As I enter into week 4 or part 4 of my adoption, I am forced to try to write about my pregnancy and the birth father. This is something that I really do not like to do. As this is the time, when she was mine, and this is the reason why I knew I was not good for her.
I do not remember my pregnancy being hard, which is surprising as my last two sucked and I was miserable the entire time. But with her, I don’t remember, Or I choose to only look at it in a positive light as this was the only good thing happening in my life at that time.
I was in a horrible relationship and I was stuck. I had nowhere to turn to and nowhere to go. And to be honest I don’t think I wanted to leave, I was scared, that it was all for nothing.
I did not love the person I was with; I knew this and was honest about it. I just did not know what to do. I was angry with him and I think I wanted him to pay for what he did. To take some sort of responsibility for it. I was so angry and vengeful.
That anger has never left, I have never forgiven him, nor do I think I can. I take responsibility for my action but he never cared, and to me I did not see how that is possible. Why is it that she meant so little to him?
I still do not understand it until this day. She is 12 years old and I have never let go, every moment she is in my head and heart and I think about her consistently but he never did. There are pictures of her and her family in my house and on my walls. I am in contact with them and a part of her life, but he has never once cared to even be involved.
He left the moment the papers where signed, he was cheating on me and I knew this but I did not want to believe it at that time.

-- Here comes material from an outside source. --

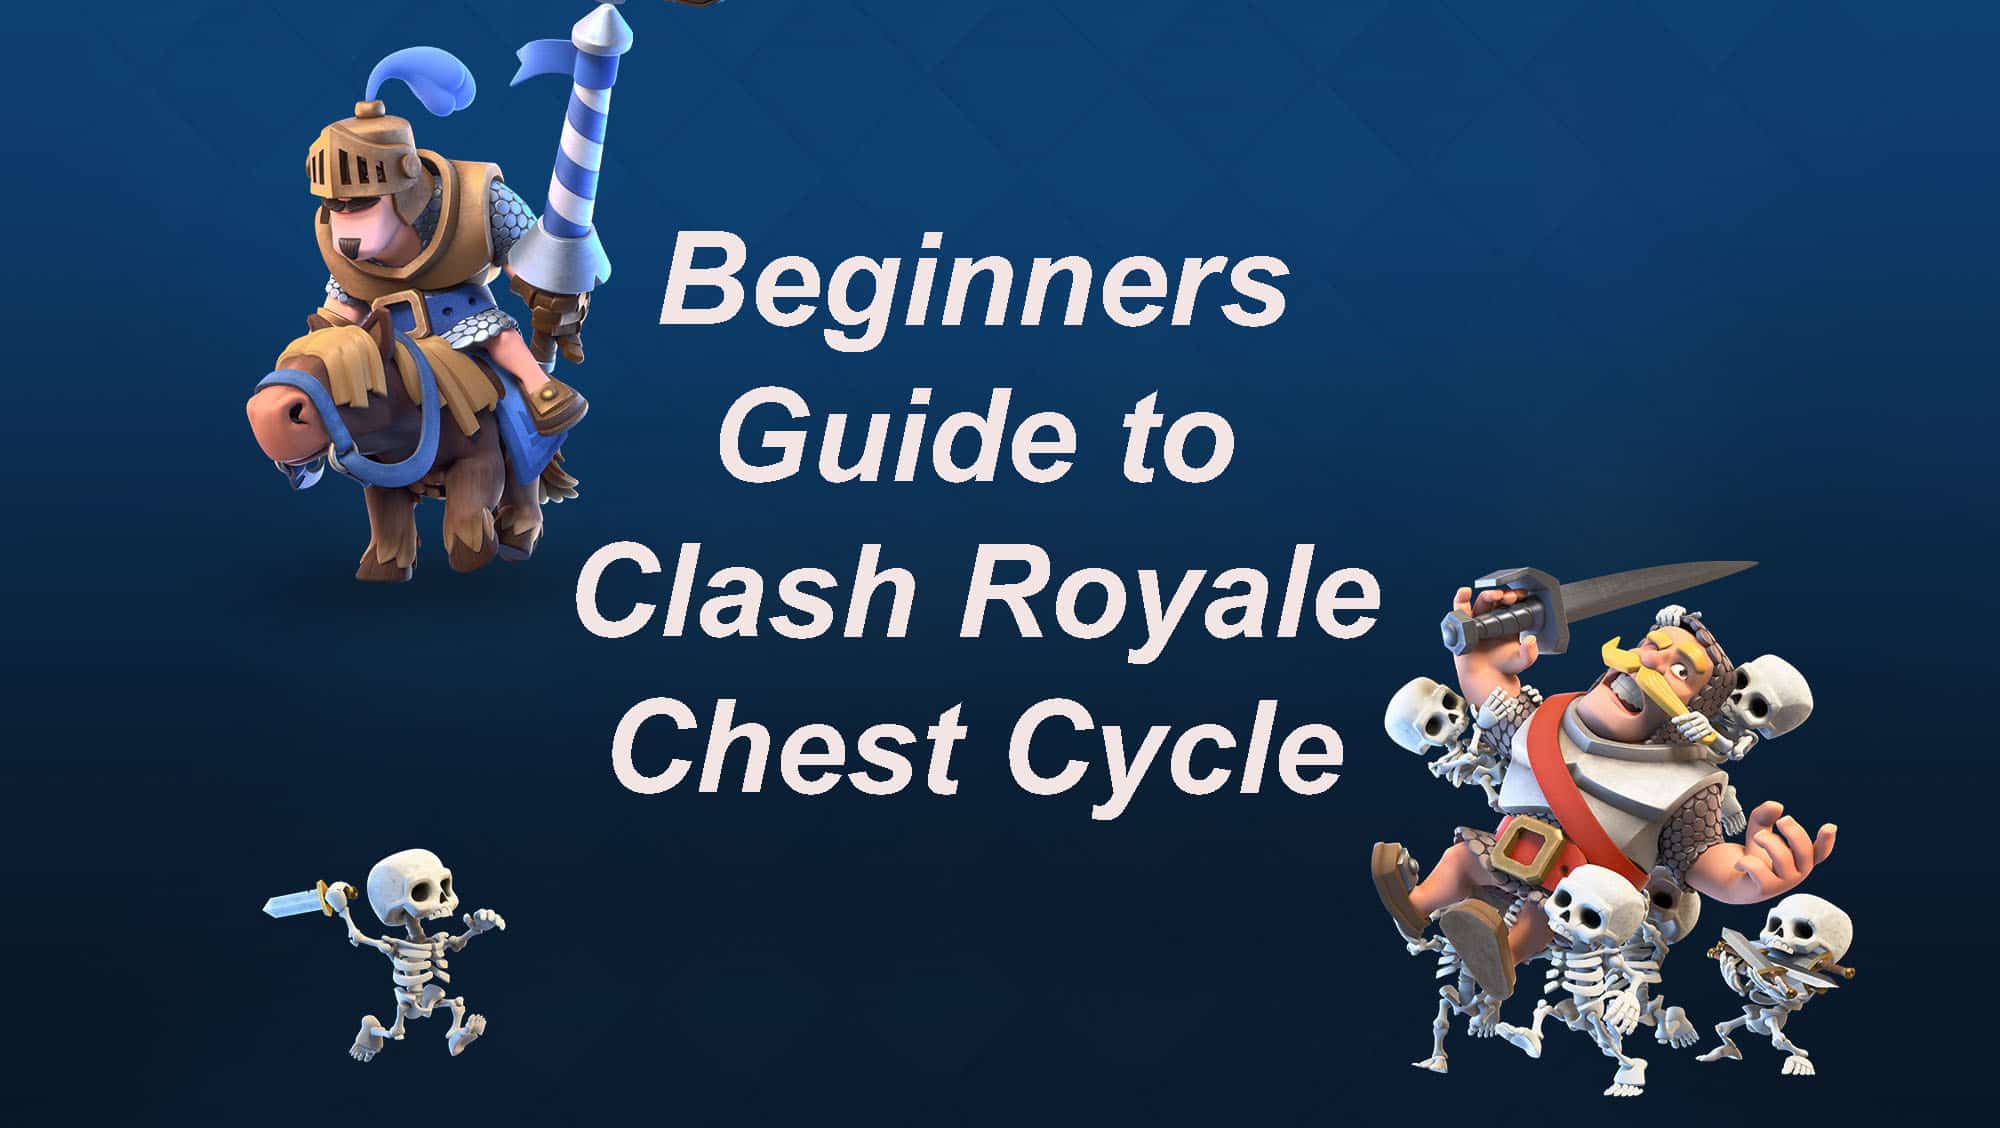 Clash royale chest cycle beginners guide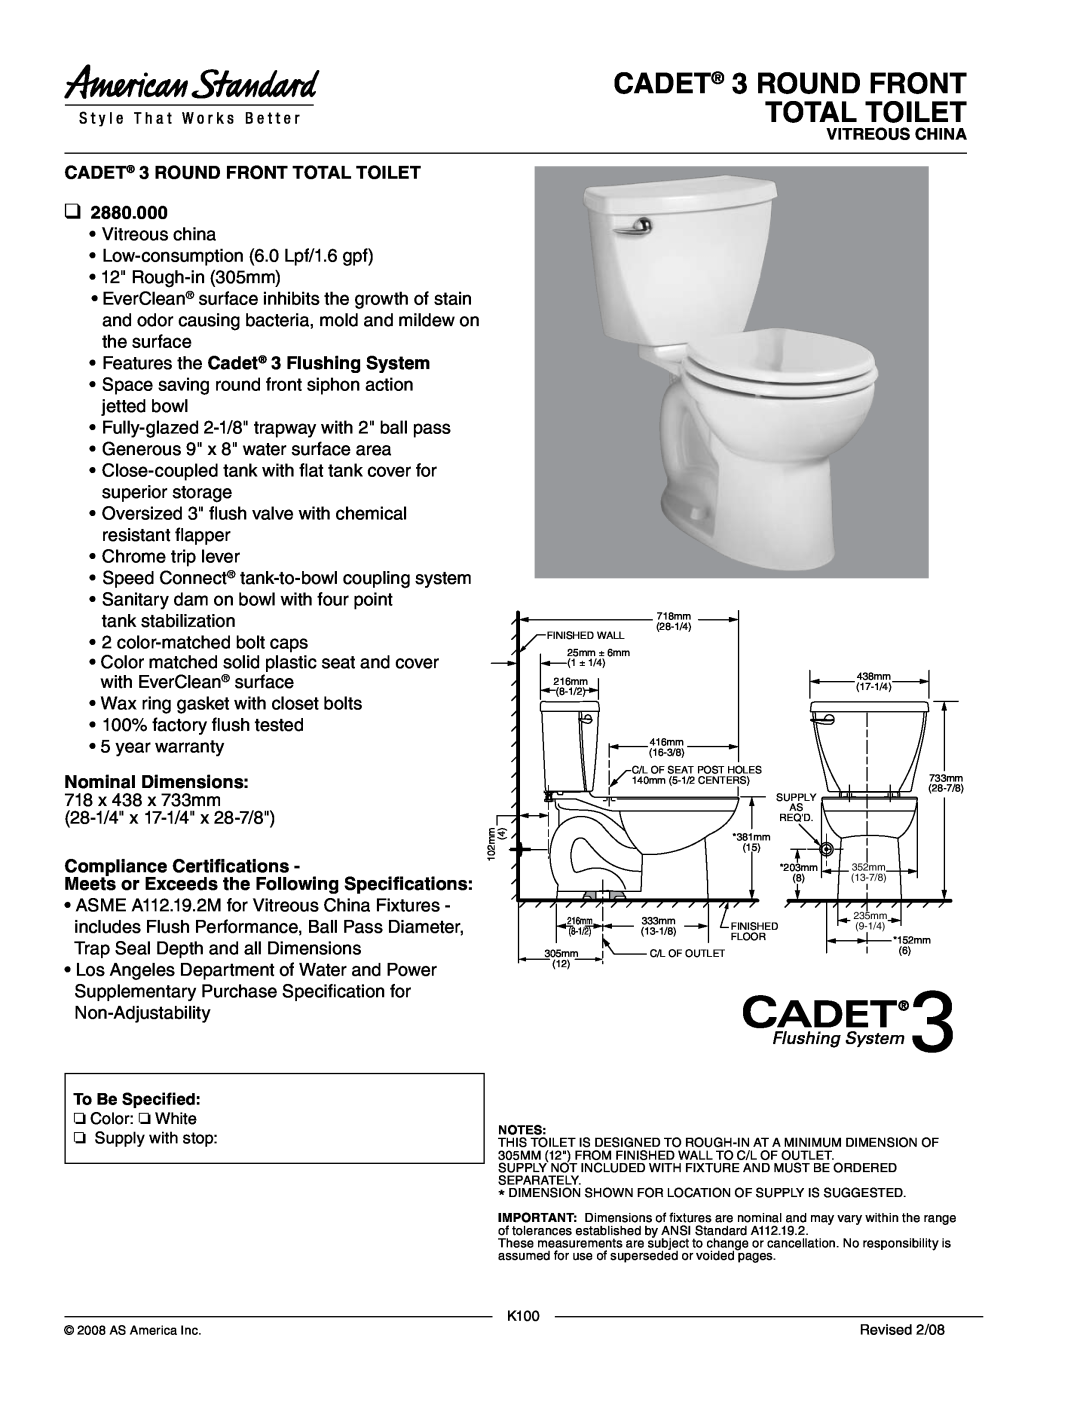 American Standard 2880.000 dimensions CADET 3 ROUND FRONT TOTAL Toilet, CADET 3 ROUND FRONT TOTAL TOILET

The biggest thing I have ever regretted above all else, the one thing I wish I could change the most is my pregnancy. I wish I left, I wish I had a place to go. I wish I would have begged and pleaded with my dad to take me in. But I was so ashamed that I had let this all happen, I let my pride get in the way of the well being of my child.
It is this that sticks in my head till this day, it is this reason why I know giving her up was the right thing to do, because if I couldn’t put my pride aside during my pregnancy, and put her first, than I had no right calling myself her mother.
This is the moment in which my life changed for me, the moment I realized this, this is the moment in which I tore out my own heart. I was not good enough for her and I had no right to say that I could be. A real parent, a real mother would put their child’s well being above of everything. And I didn’t do this.